Dataset content: Begin

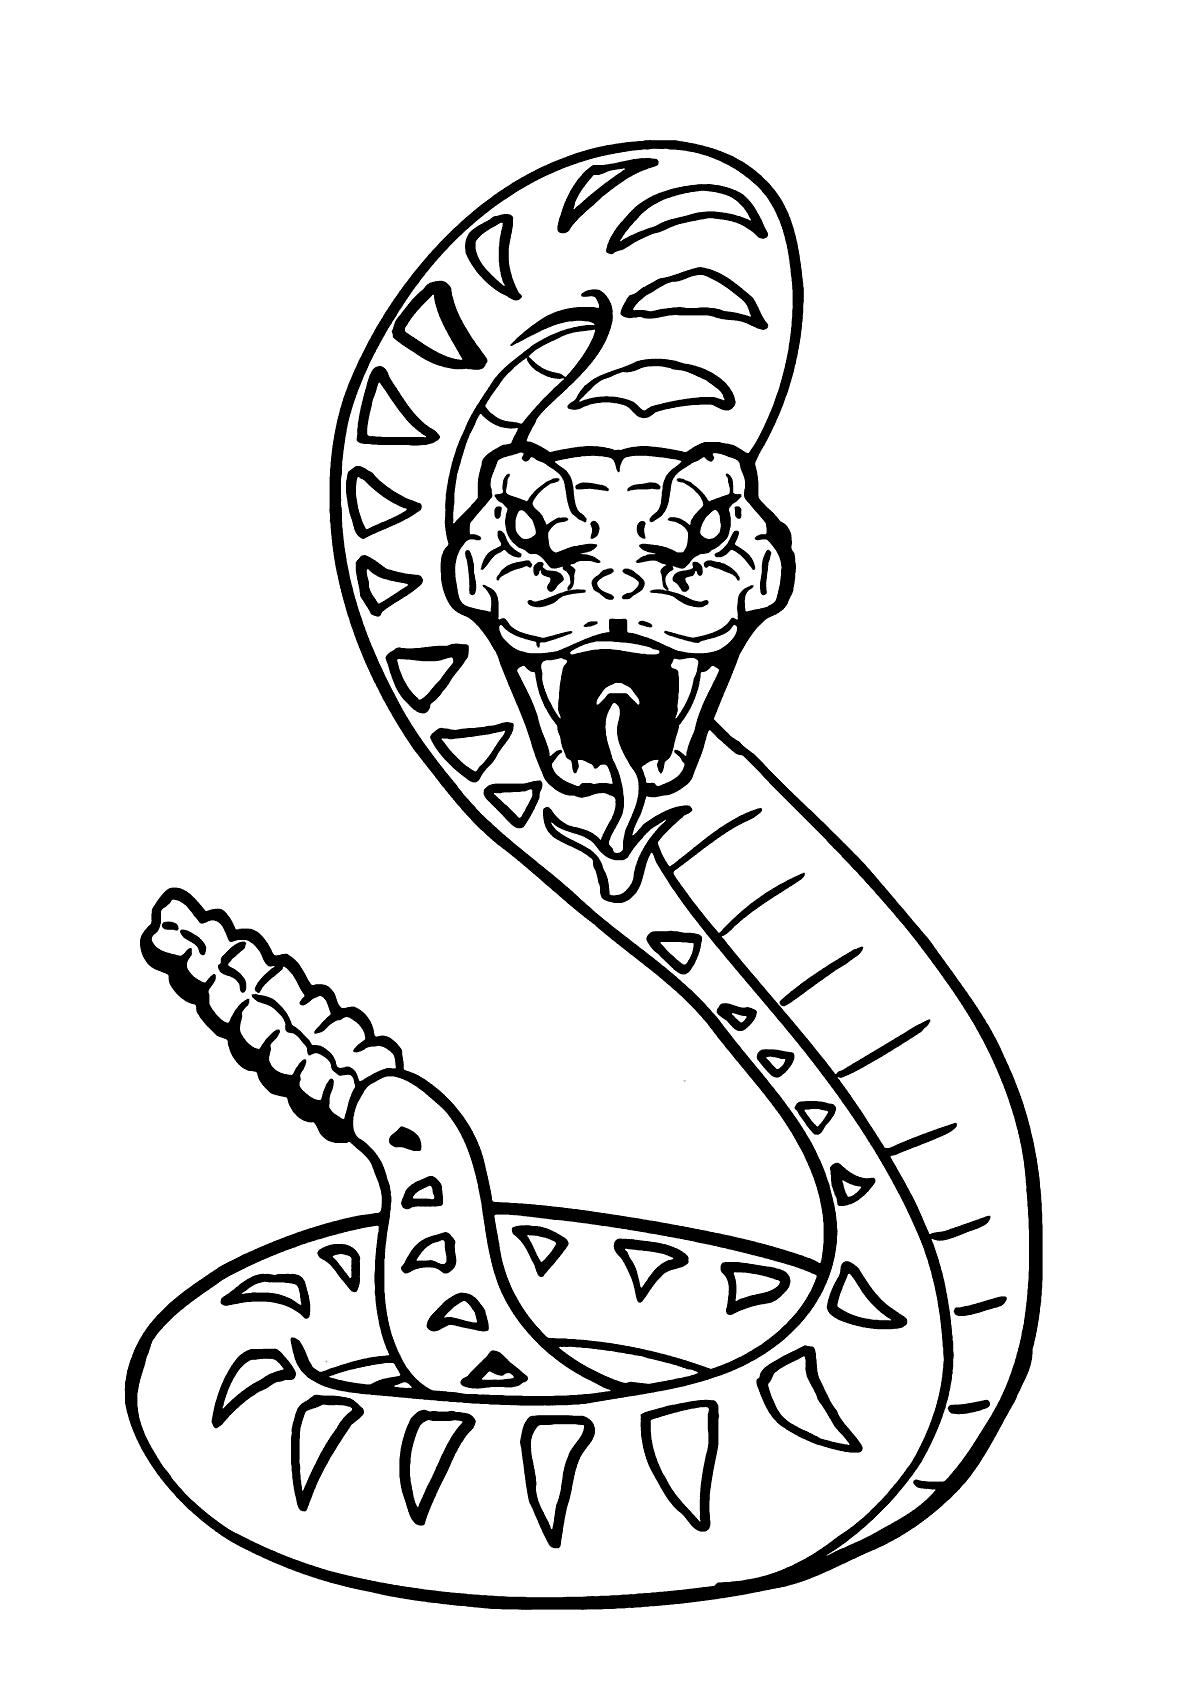 Cobra com bolinhas para colorir - Imprimir Desenhos
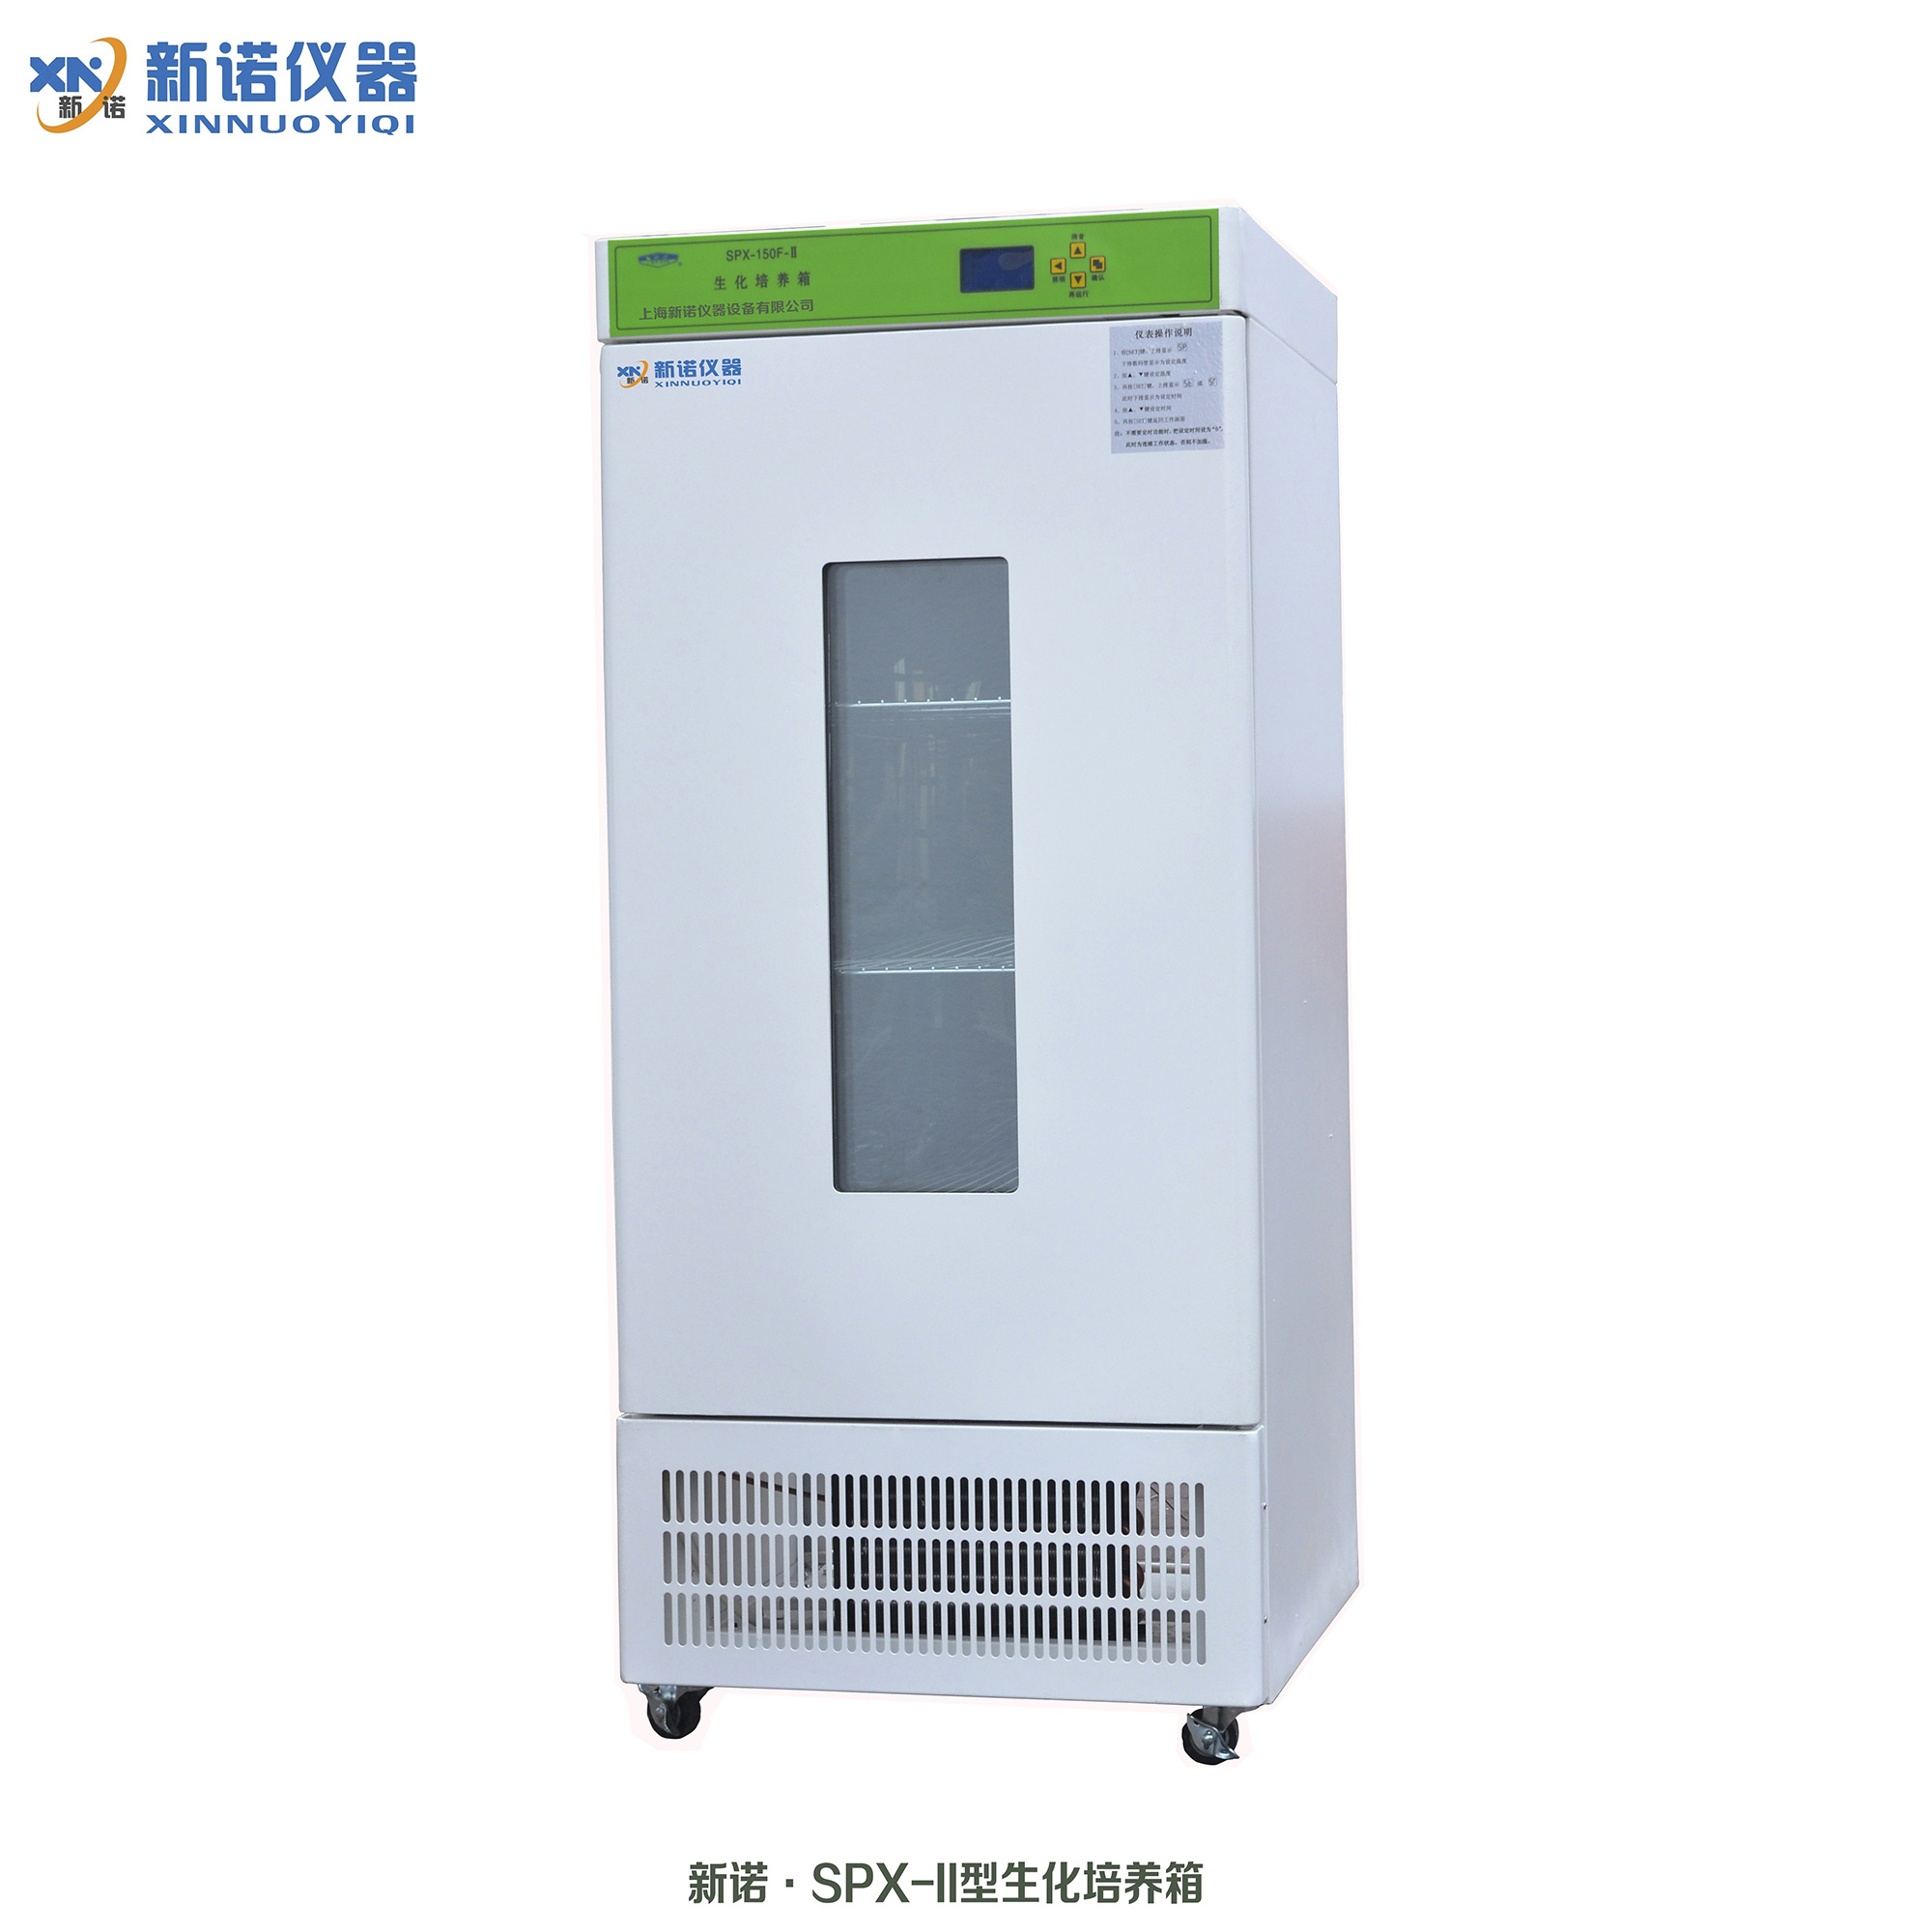 上海新诺 SPX-II系列生化培养箱 制造
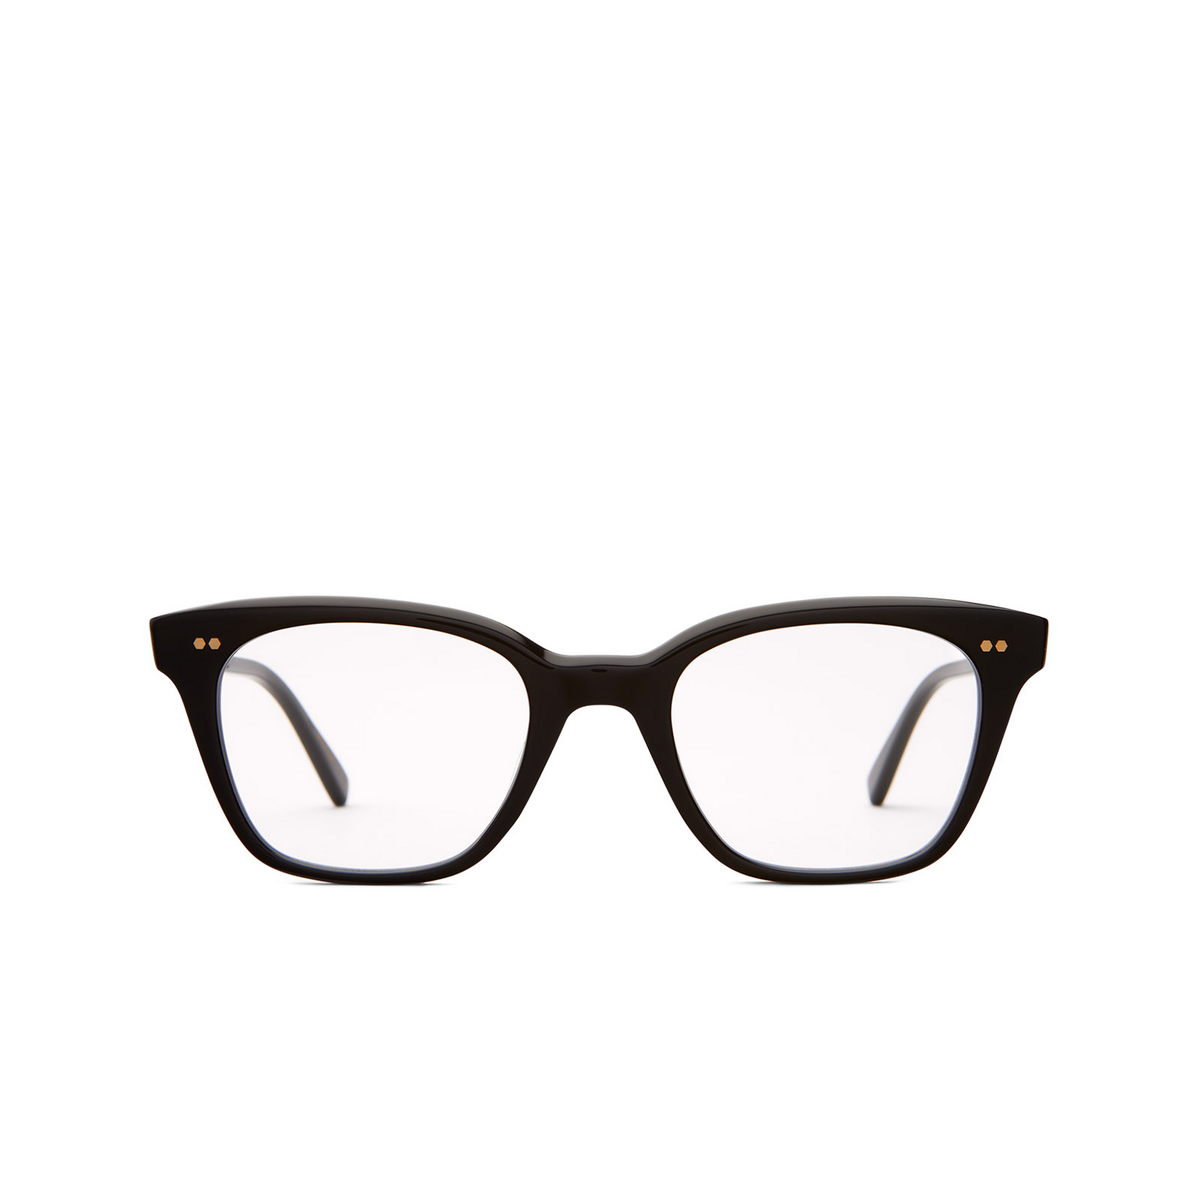 Mr. Leight MORGAN C Eyeglasses BK-12KG Black-12K White Gold - front view
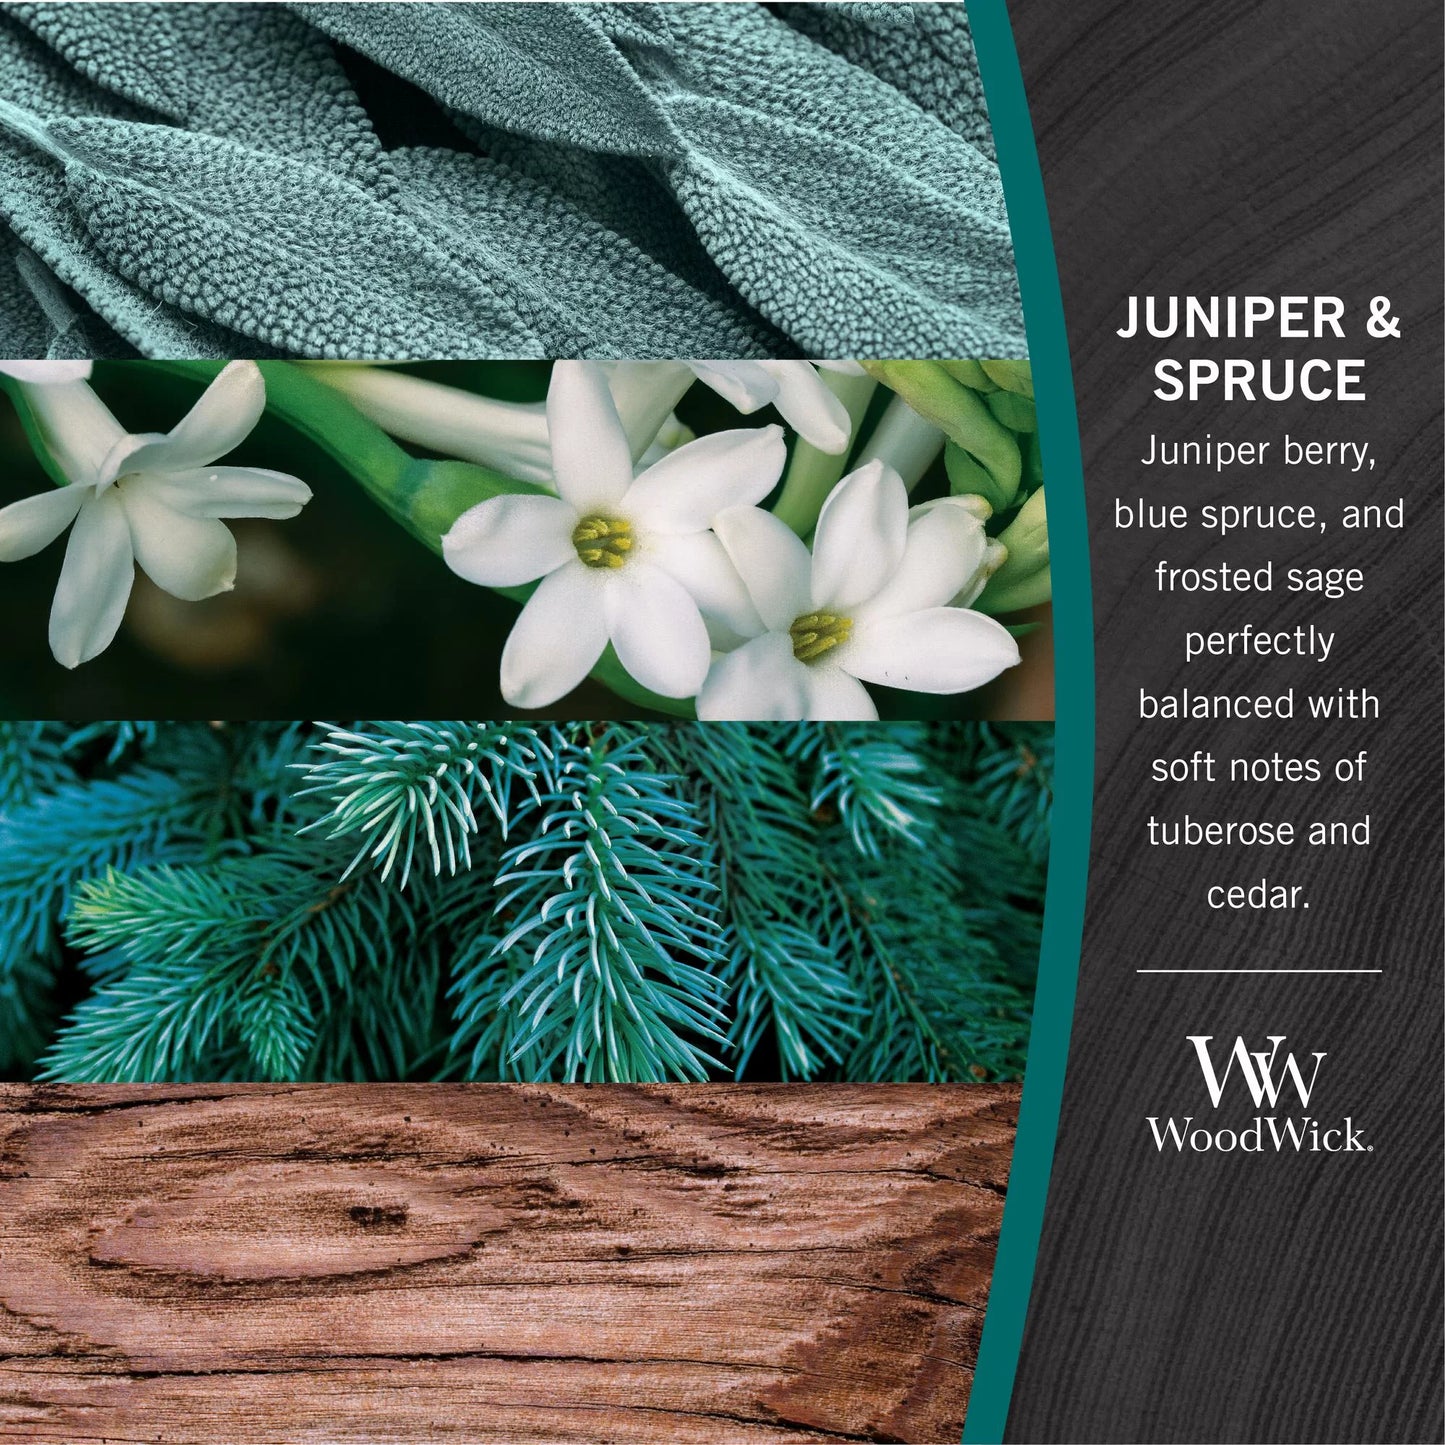 WW MED Juniper Spruce

Dataset content: End

*Work order*. The data above, line by line: transcribe it exactly and drop the pictures.

*Answer space*.
 Cobra com bolinhas para colorir - Imprimir Desenhos
 上海新诺 SPX-II系列生化培养箱 制造
 Mr. Leight MORGAN C Eyeglasses BK-12KG Black-12K White Gold - front view
 WW MED Juniper Spruce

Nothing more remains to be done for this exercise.